Table 10 Transcripts associated with iron/heme metabolism and transport

Secreted proteins similar to tick salivary proteins

Five transcripts were similar to proteins secreted in the saliva of ticks. Each transcript contained a significant match to a protein identified from a tissue-specific cDNA library of dissected salivary glands. DvM 682, 830, 551, and 134 were found only in the unfed/2-day-fed midguts, whereas DvM 64 was found in the 6-day-fed guts.

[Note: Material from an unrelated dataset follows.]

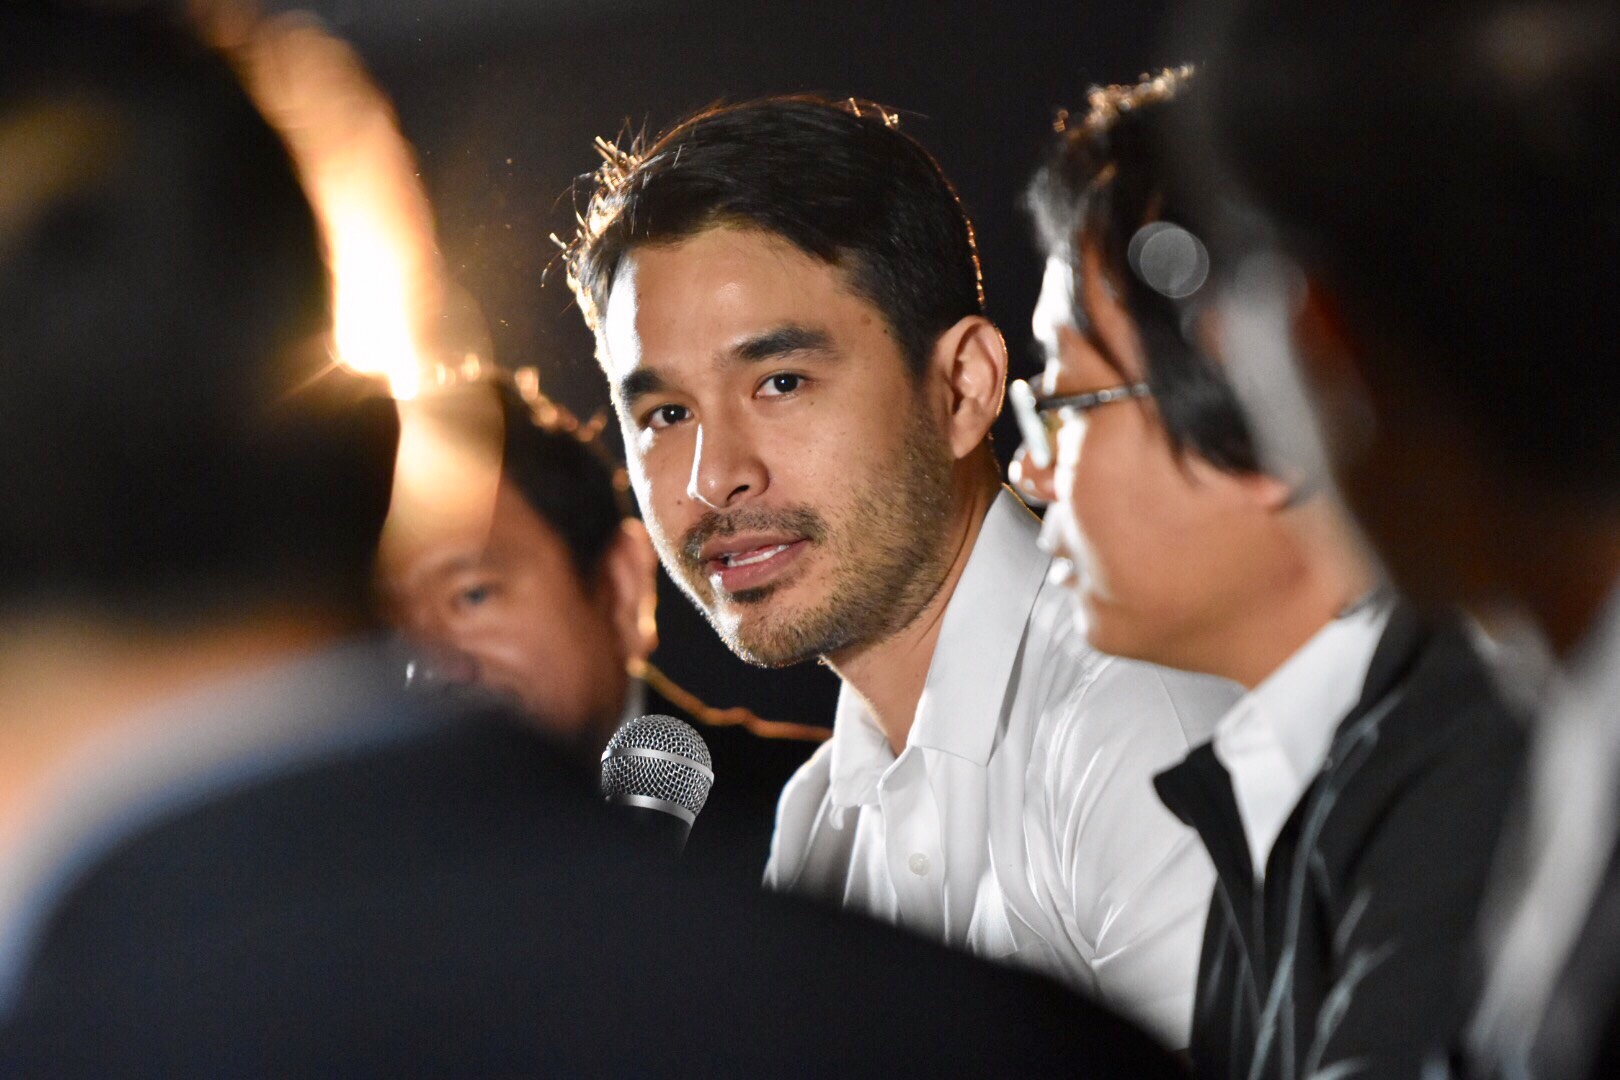 WARMER. Award-winning broadcast journalist Atom Araullo's documentary 'Warmer' wins the Bronze World Medal at the 2017 New York Festivals Television and Film Awards. Photo by Leanne Jazul/Rappler

Two transcripts (DvM 682 and 134) had clear signal peptides, whereas the putative secretion of DvM 830, 551 and 64 is based on homology to other known secreted proteins.

Unknown, unassigned transcripts

This group comprised transcripts that had low confidence matches in the NR and/or ACARI databases, or both, or had conflicting tentative assignments with relatively low matches. Although many were short and incomplete sequences, others were long or appeared to be complete sequences and may represent novel genes. Many (DvM 37) were secreted proteins. The reader may access these sequences for further study accessing the the supplemental data given in the Methods section of this report.

Protein identifications

Tryptic digestion/mass spectrometry (mass fingerprinting) (Figure 2) provided supporting evidence for the functional assignment of the following transcripts found in the midgut library: 1) 70 kD heat shock protein; 2) GST (D. variabilis); 3) Cytochrome b5 (I. scapularis); 4) histone (I. scapularis); 5) paramyosin (Sacrcoptes scabei, R. microplus); and 6) BM86 membrane glycoprotein (R. microplus; H. anatolicum anatolicum); and 7) glycogen phosphorylase (DvM 100, Syntrophus aciditrophicus gi|85858688). Other proteins found in the tryptic digest but not in the cDNA library were: 1) prenyl cysteine oxidase; 2) a statin-related protein (Rattus norvegicus); and 3) a hemelipoglycoprotein precursor (D. variabilis) (determined by RTB, NIAID, NIH sequencing facility). The latter is noteworthy in view of reports of the role of the female tick midgut as a secondary site of synthesis of vitellogenin, a known hemelipoglycoprotein, as well as in the fat body [73]. Attempts to identify proteins isolated from PVDF blots by Edman degradation were unsuccessful because they were N-terminally blocked.


In this study, we constructed a PCR-based cDNA library from the midguts of unfed/2-day-fed and 6-day-fed virgin females of the tick D. variabilis and analysed 1,679 high-quality randomly sequenced ESTs. We obtained partial or full-length information on proteins and peptides, most of which appear to be novel. No transcripts were found from rabbits, the host on which the ticks had been fed. In addition to functional assignments based on the criteria described previously, we confirmed the identity of seven proteins by tryptic digestion/mass fingerprinting of bands eluted from SDS-PAGE gels of midgut extracts, as well as four other proteins for which no transcripts were found.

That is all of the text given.